Hi All,

After successfully deploying the foaf-site, I configured an enhancement
chain to perform content enhancements using my foaf-site. Most of these
configurations were done via the osgi console configuration manager of
Apache stanbol accessible at [1].

I rerun the indexing tool with some changes in the mappings.txt to use
foaf:name, firstName, givenName etc to be used as labels in identifying and
linking entities in the content.
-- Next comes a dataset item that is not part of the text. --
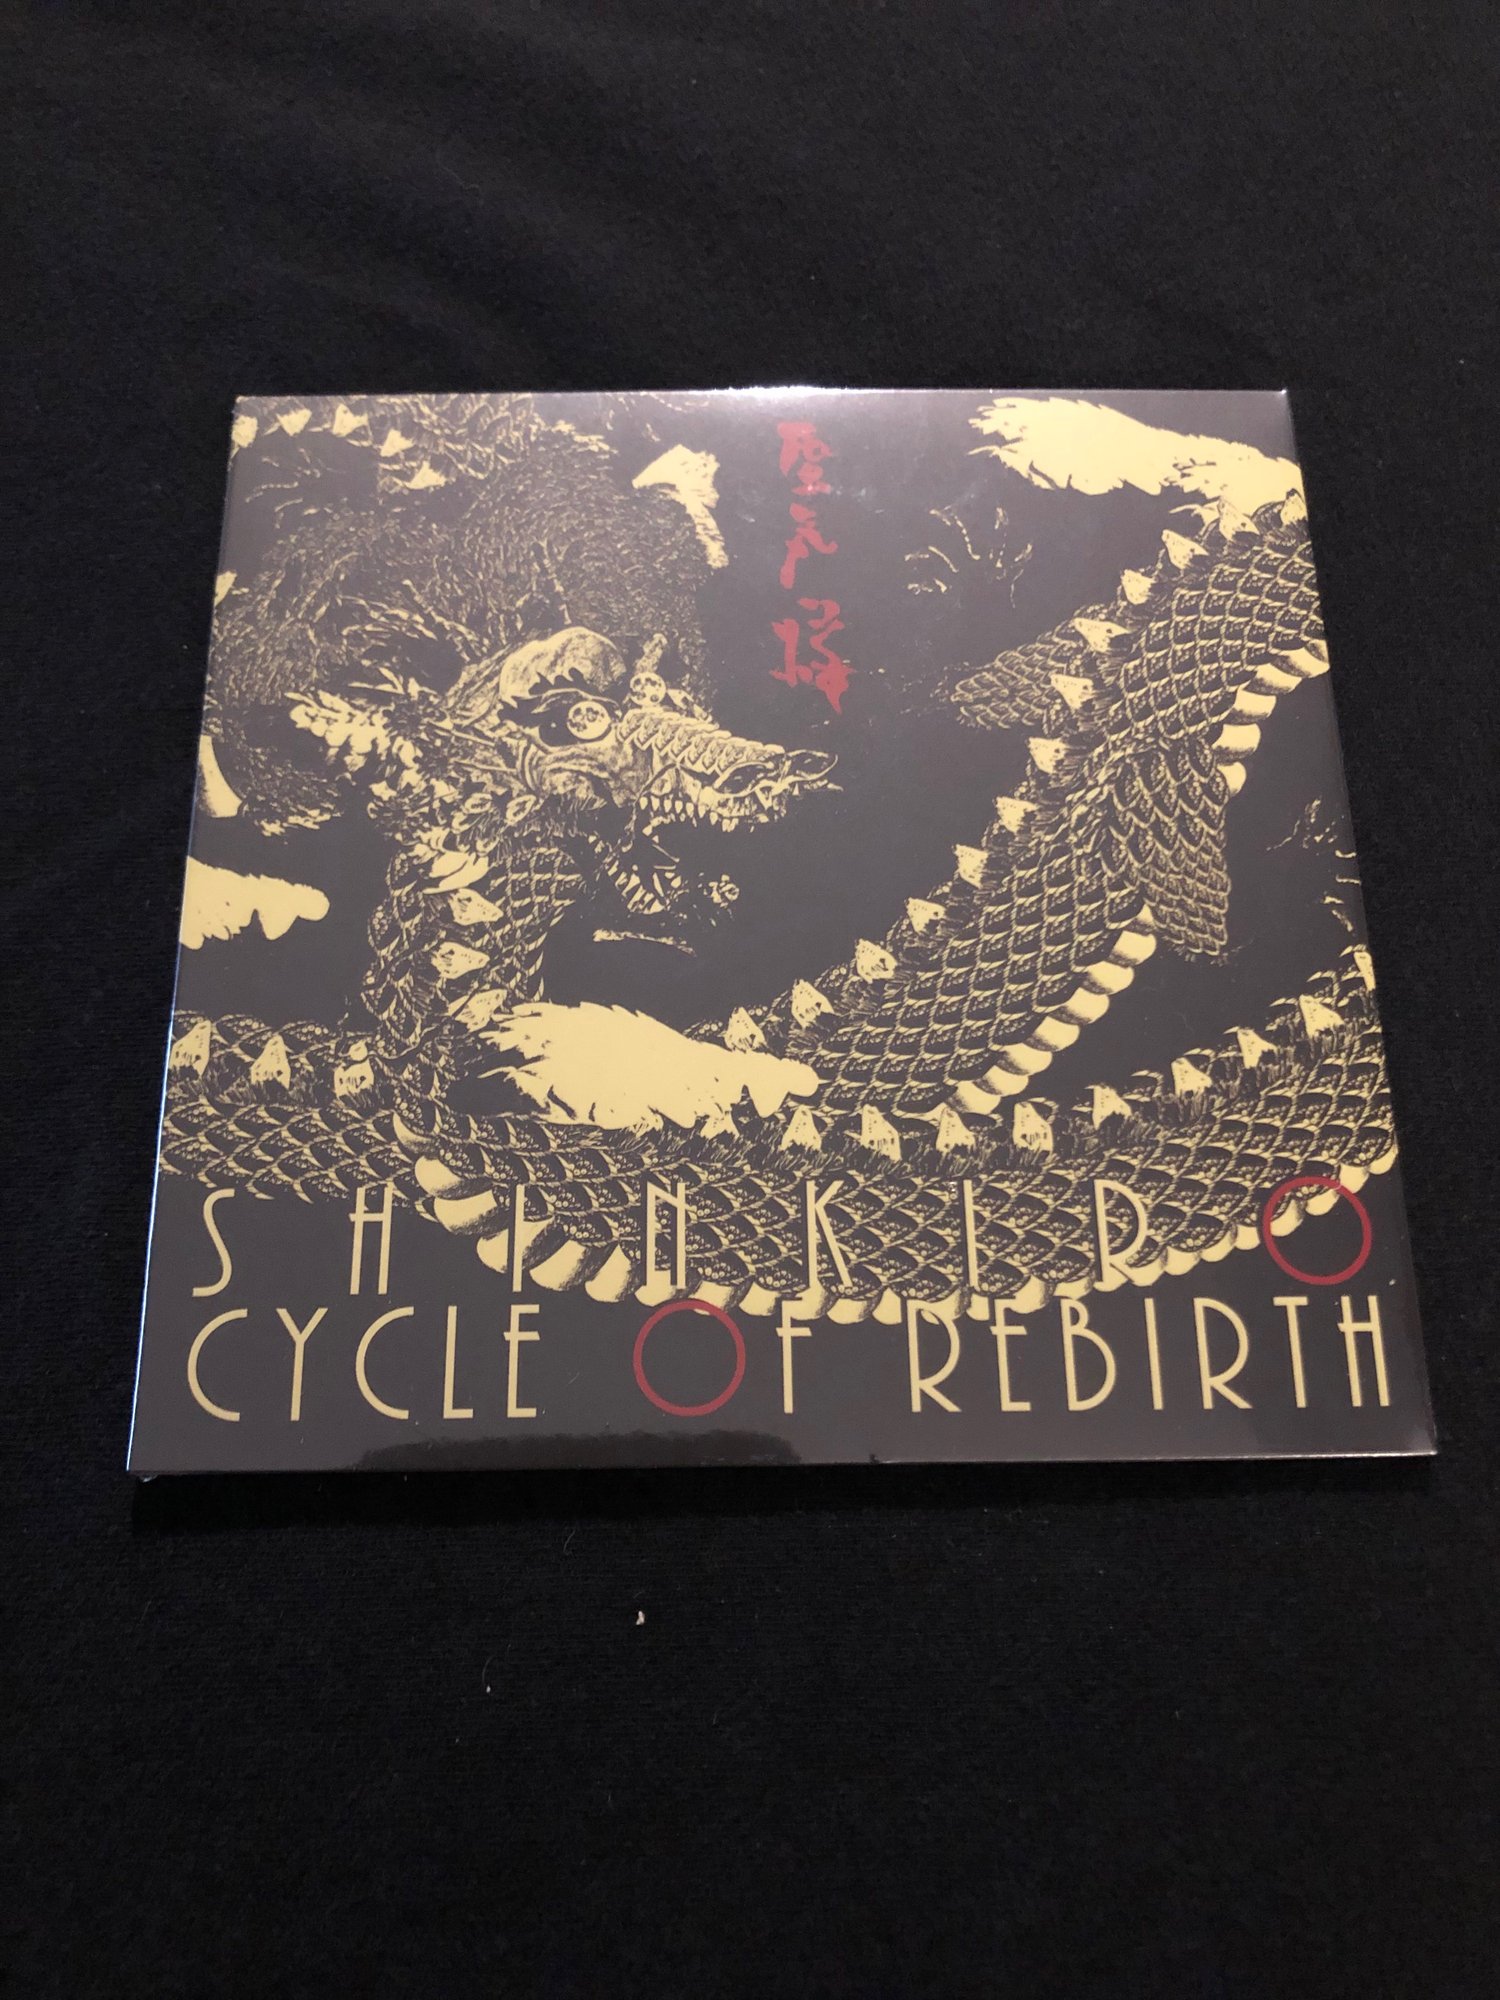 Shinkiro - Cycle Of Rebirth CD (SSSM)
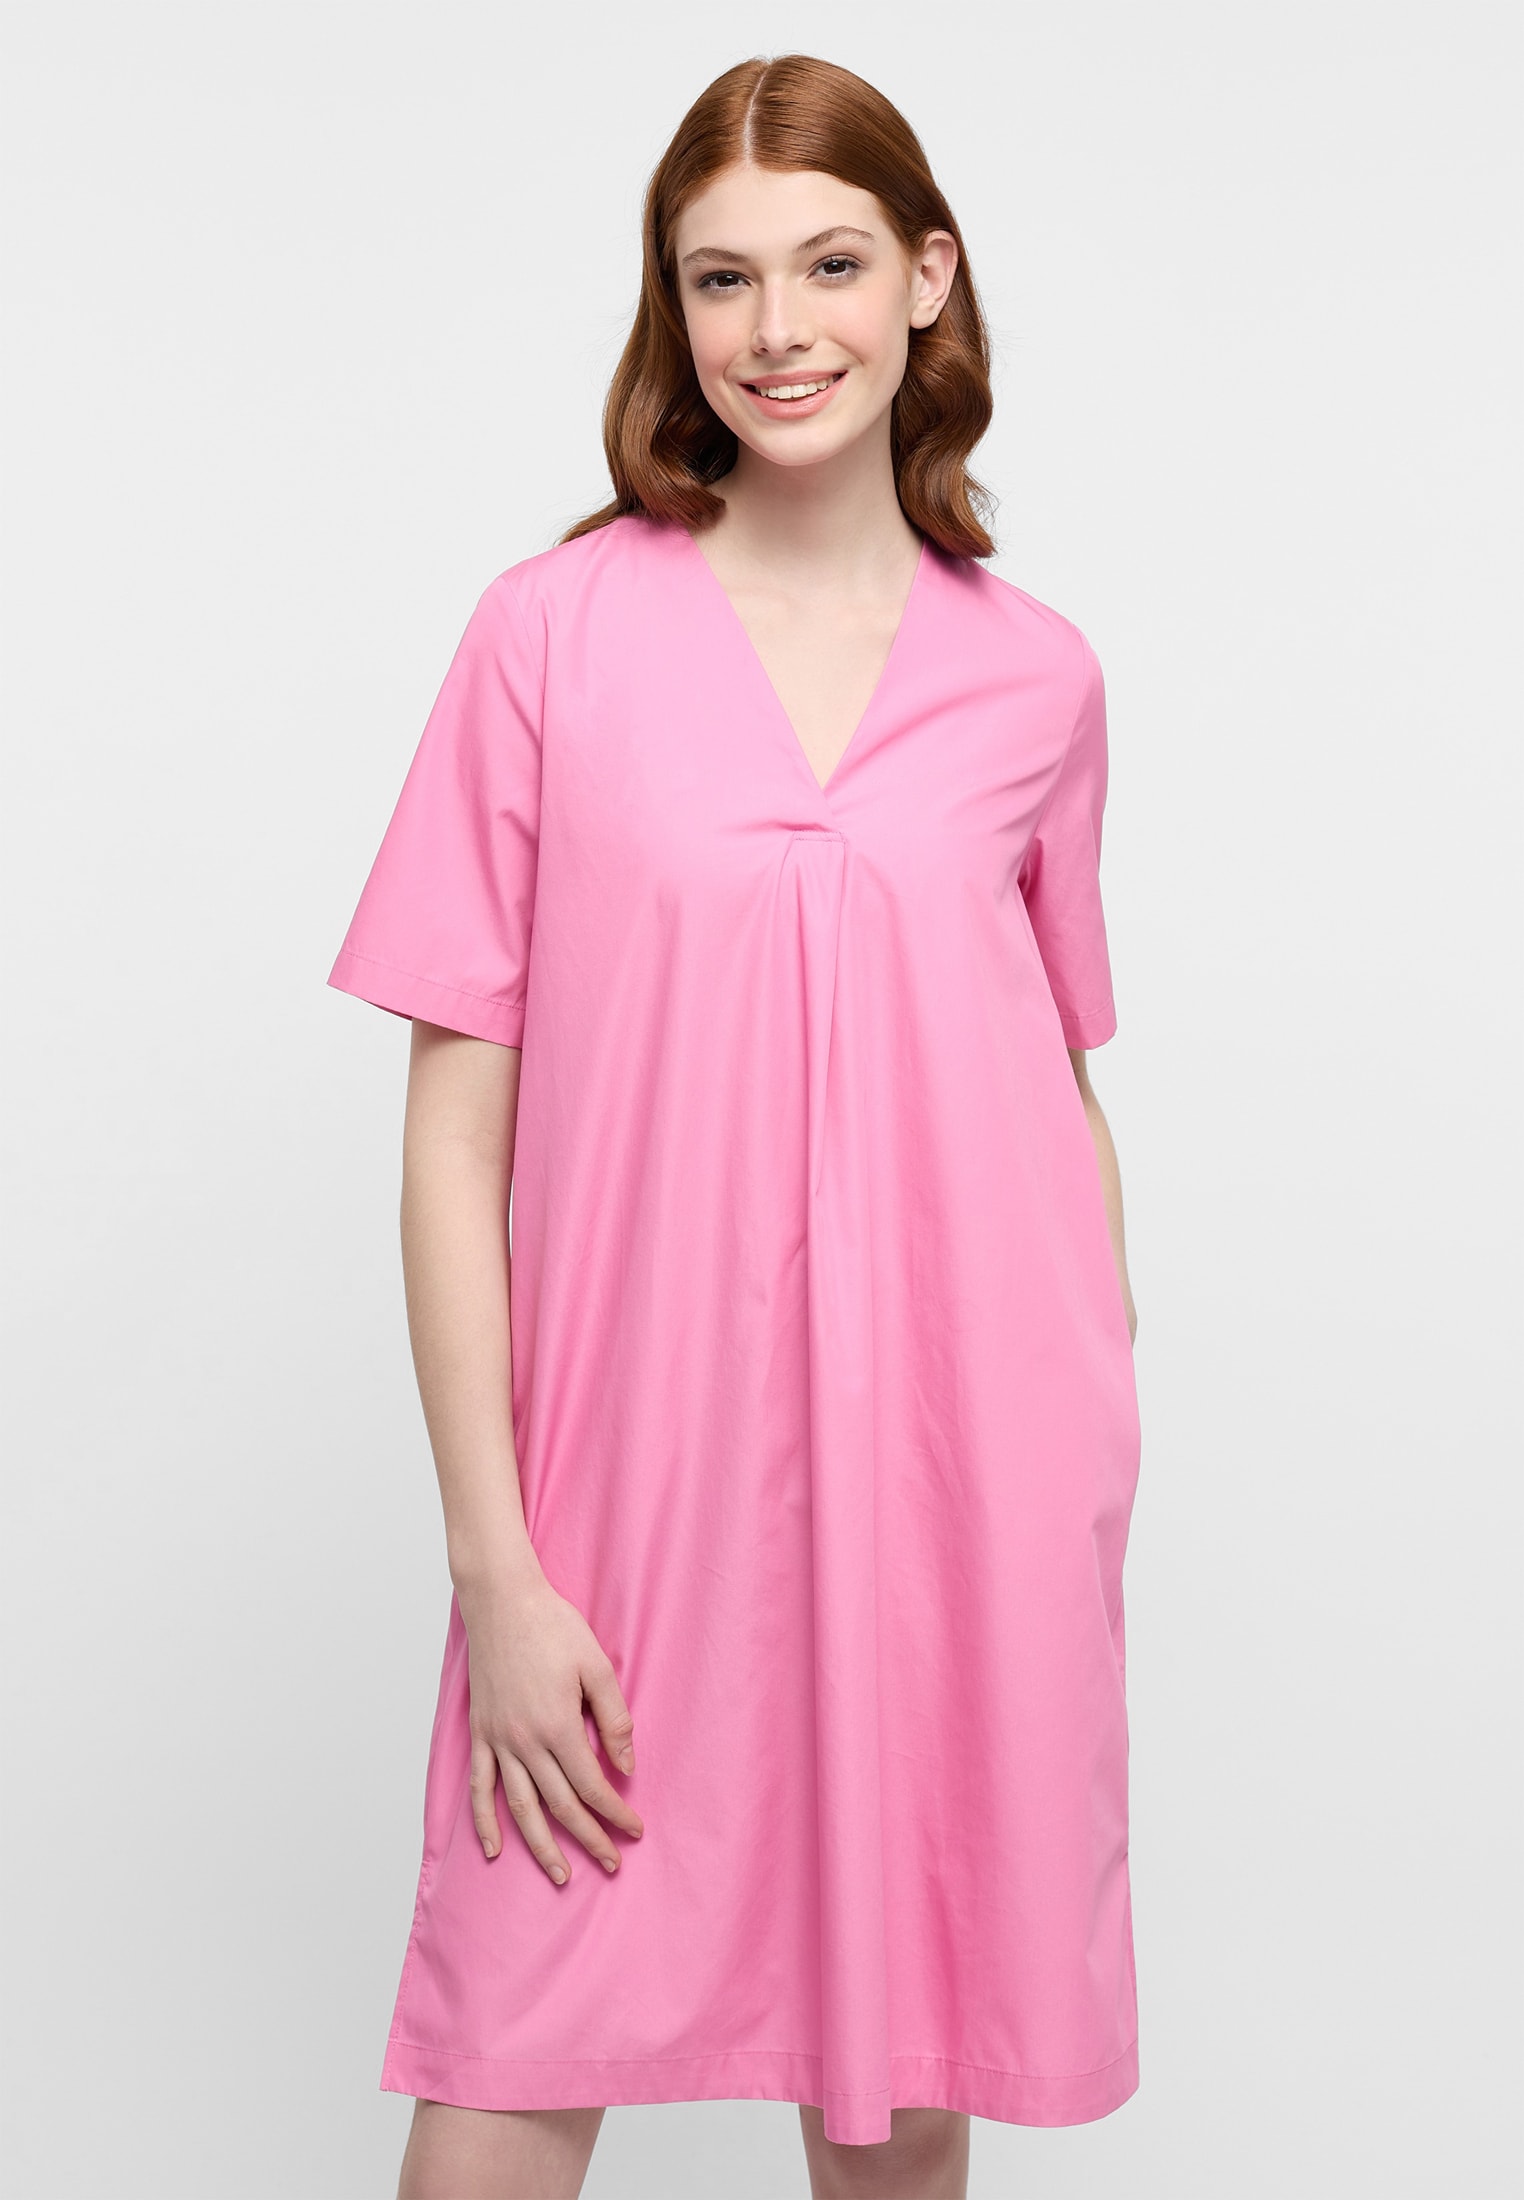 short | | | Shirt pink sleeve | plain 2DR00211-15-21-34-1/2 in dress pink 34

Also I thought of using both rdfs:seeAlso
and owl:sameAs as redirect fields and converged both of them into
fise:redirects and used as the redirect field in the linking engine
configuration explaned below.

Following are the extra configurations I added to mappings.txt in the
indexing tool;
rdfs:seeAlso > fise:redirects
owl:sameAs > fise:redirects

foaf:name > rdfs:label
foaf:nick > rdfs:label
foaf:givenName > rdfs:label
foaf:familyName > rdfs:label
foaf:firstName > rdfs:label


Following are the enhancement engine configurations I did.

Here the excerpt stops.